#### [WHAT TO PRODUCE]
The material below holds the lines to copy: from the one with "G-BPKZ, 1989 Short" up to and including the one with "Celebrate Science festival". Copy them exactly and skip the pictures.

#### [STUDY MATERIAL]
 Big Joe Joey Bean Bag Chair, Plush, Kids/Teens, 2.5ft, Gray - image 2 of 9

...

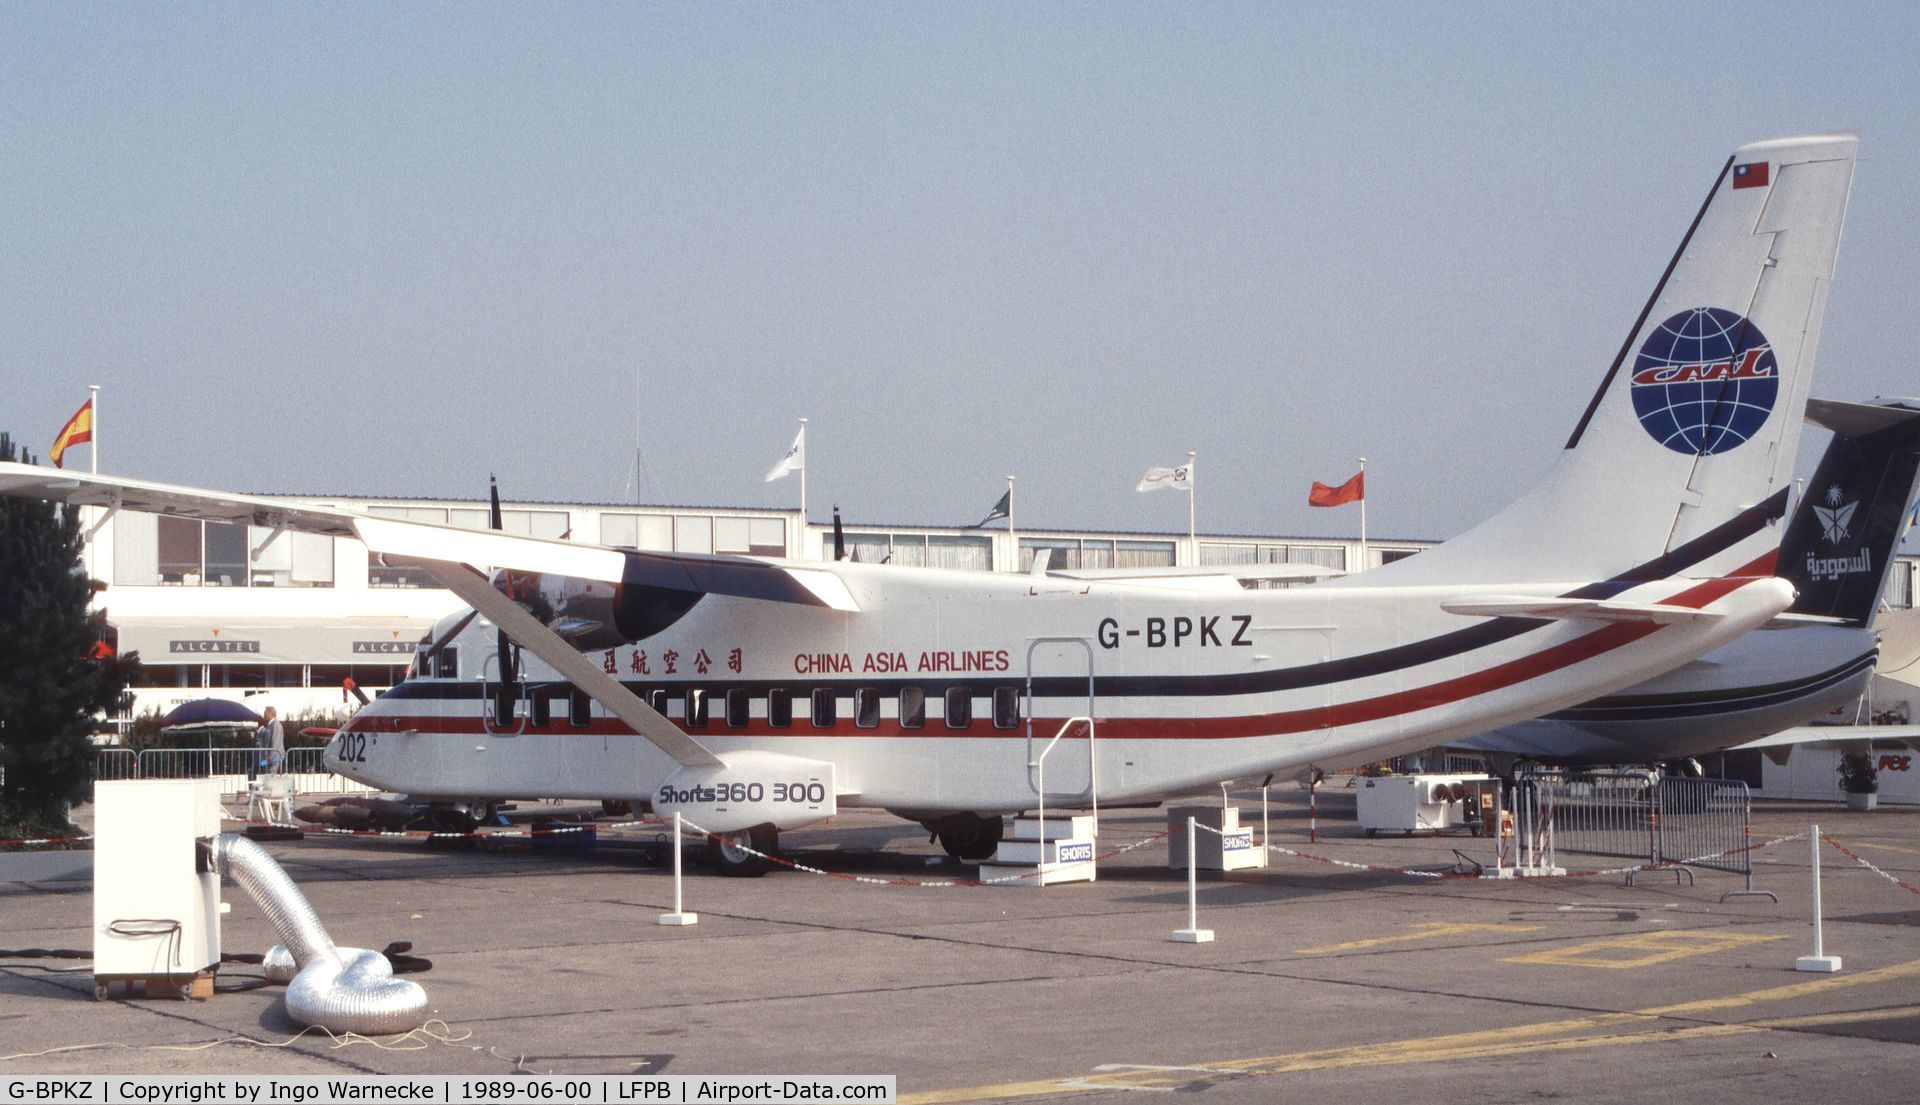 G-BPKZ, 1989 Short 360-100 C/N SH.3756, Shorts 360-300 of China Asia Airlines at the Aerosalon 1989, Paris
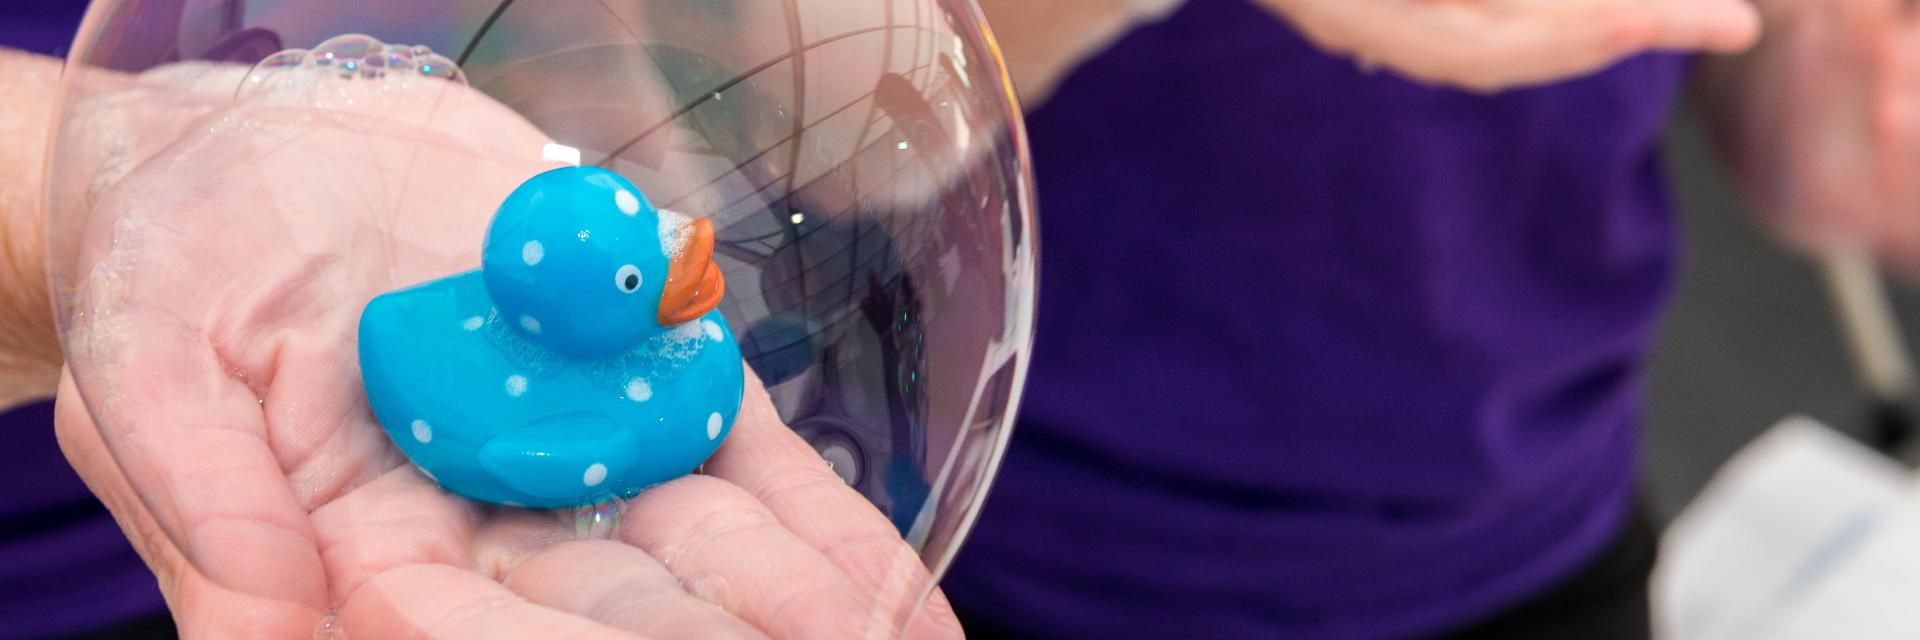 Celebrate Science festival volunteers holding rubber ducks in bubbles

#### [YOUR SOLUTION]
 G-BPKZ, 1989 Short 360-100 C/N SH.3756, Shorts 360-300 of China Asia Airlines at the Aerosalon 1989, Paris
 Celebrate Science festival volunteers holding rubber ducks in bubbles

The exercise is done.